Heritage and Sustainable Development (Oct 2023)
Flexural behavior of steel fiber reinforced concrete beams comprising coarse and fine rubber and strengthened by CFRP sheets
Abstract
Despite having many advantages, using rubber to produce reinforced concrete members like beams is still restricted. When there is more waste tire rubber in concrete structures, rubber concrete's flexural and compressive strengths gradually decrease. However, this study used steel fibers to improve compressive strength and externally bonded carbon fiber-reinforced polymer (CFRP) sheets to increase flexural strength. Four groups of three reinforced concrete beams each were established for the study's use. The first and third groups of concrete beams used a volumetric replacement of fine and coarse aggregates with 5% and 10% waste tire rubber. However, steel fibers were added to the second and third groups at a rate of 1.25% of the concrete volume. Waste tire rubber and steel fibers were not replaced or added to the fourth group, the main reference group.
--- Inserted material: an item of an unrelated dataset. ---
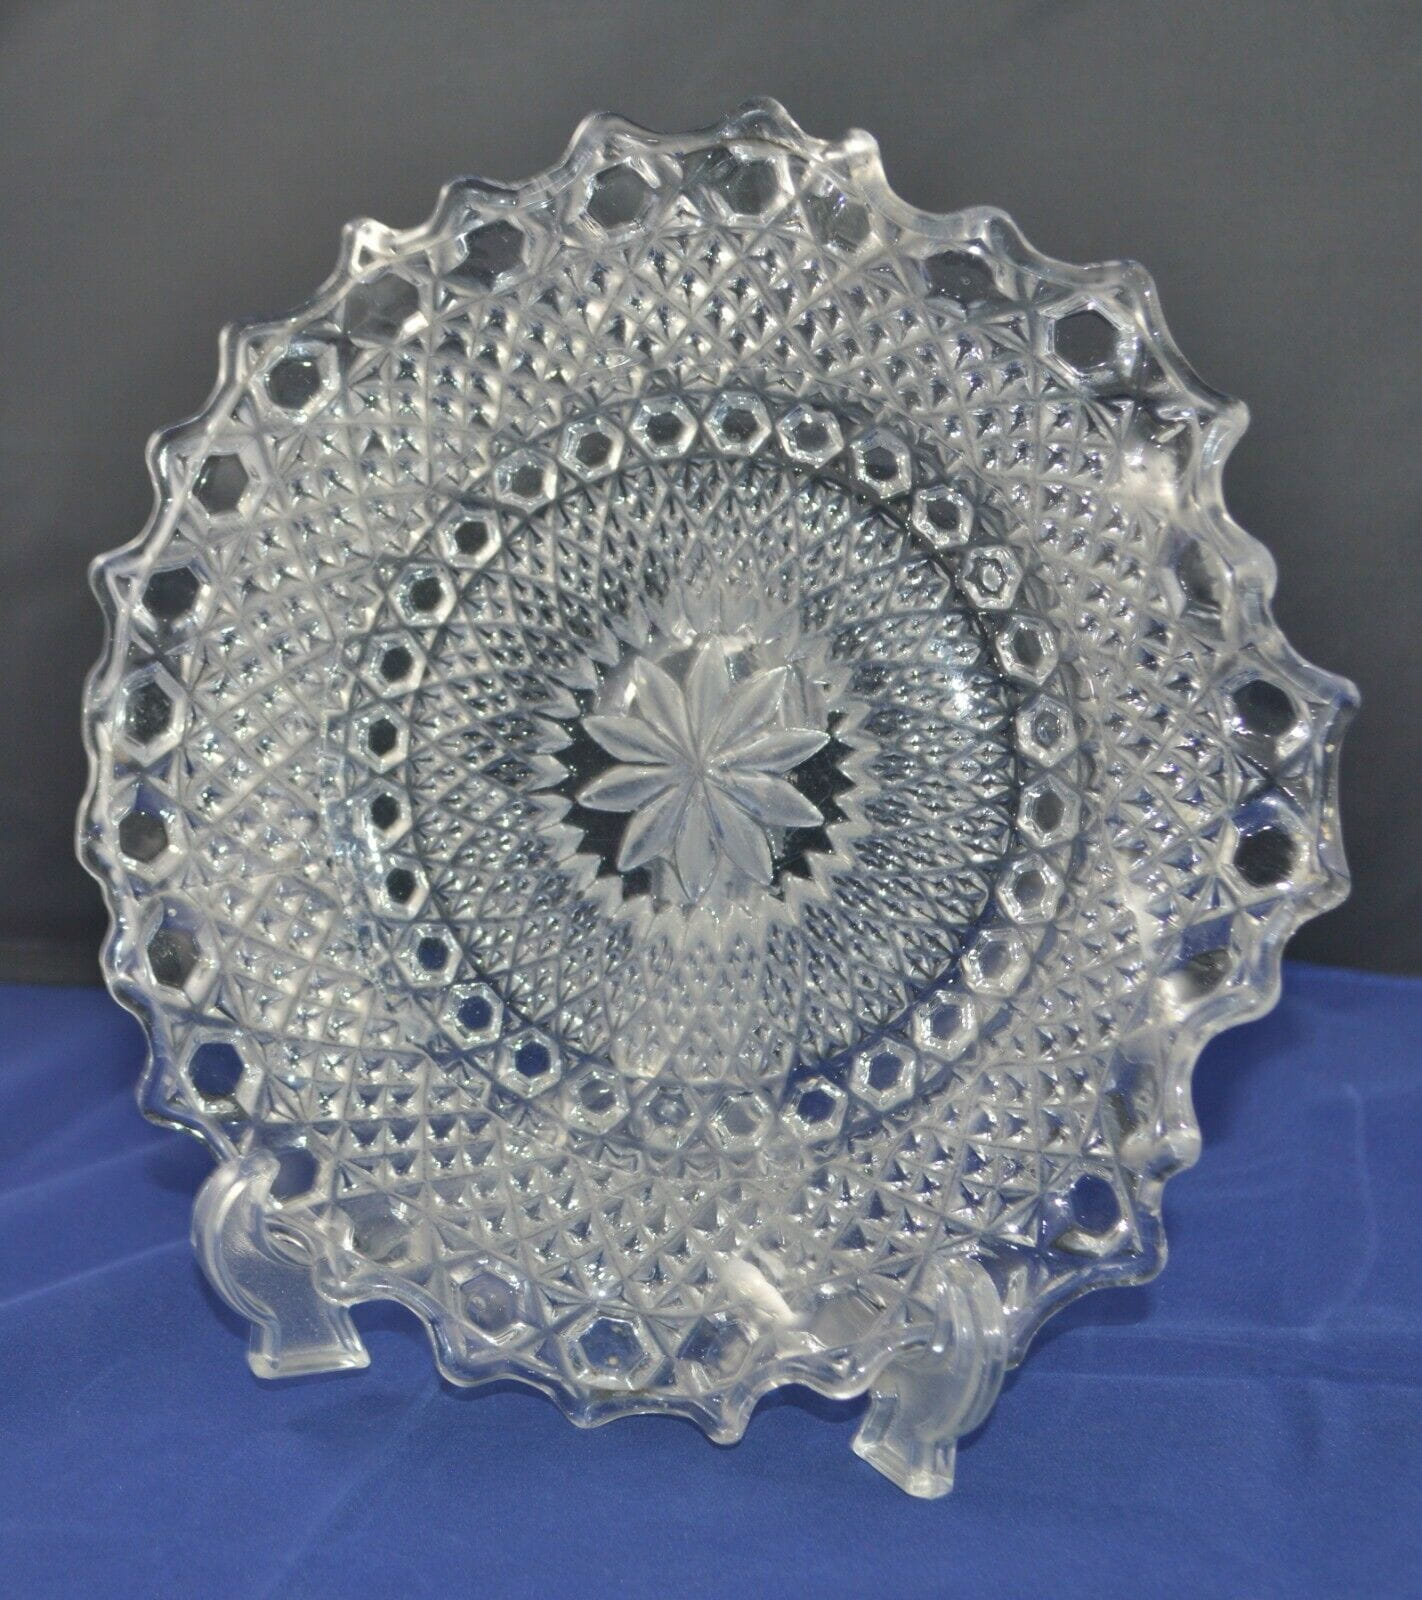 CUT GLASS DISH(PREVIOUSLY OWNED) GOOD CONDITION - TMD167207

The dimensions of each beam were 2.1×0.2×0.3 m. A concrete beam's first member is always free of external reinforcement, followed by its second member, which has one layer, and its third member, which has two layers of CFRP sheet. ABAQUS, a finite element analysis program, was used numerically to represent the third strengthening layer. The results showed that strengthening the reinforced rubberized concrete beams with a single layer of CFRP sheets increased the load at first crack and failure by 8.57% and 17.64%, respectively, compared to the unreinforced reference beam, compensating for the loss caused by the production of rubberized concrete and adding additional flexural strength. These loads increased by 31.43% and 26.45%, respectively, due to the steel fibers added to the beams containing these waste tire rubber. Strengthening with two layers of CFRP sheets increased the load at first crack and failure by 17.14 and 34.27, respectively. The steel fibers added to the beams that contained these amounts of waste tire rubber, on the other hand, caused these loads to increase by 42.86 and 49.23%, respectively. Strengthening with three layers numerically results in an exponential increase in load at the first crack and the failure by 8.03 and 52.88%, respectively. On the other hand, the loads on the beams that contained these quantities of waste tire rubber increased by 50.49% and 104.47%, respectively, when steel fibers were added to them.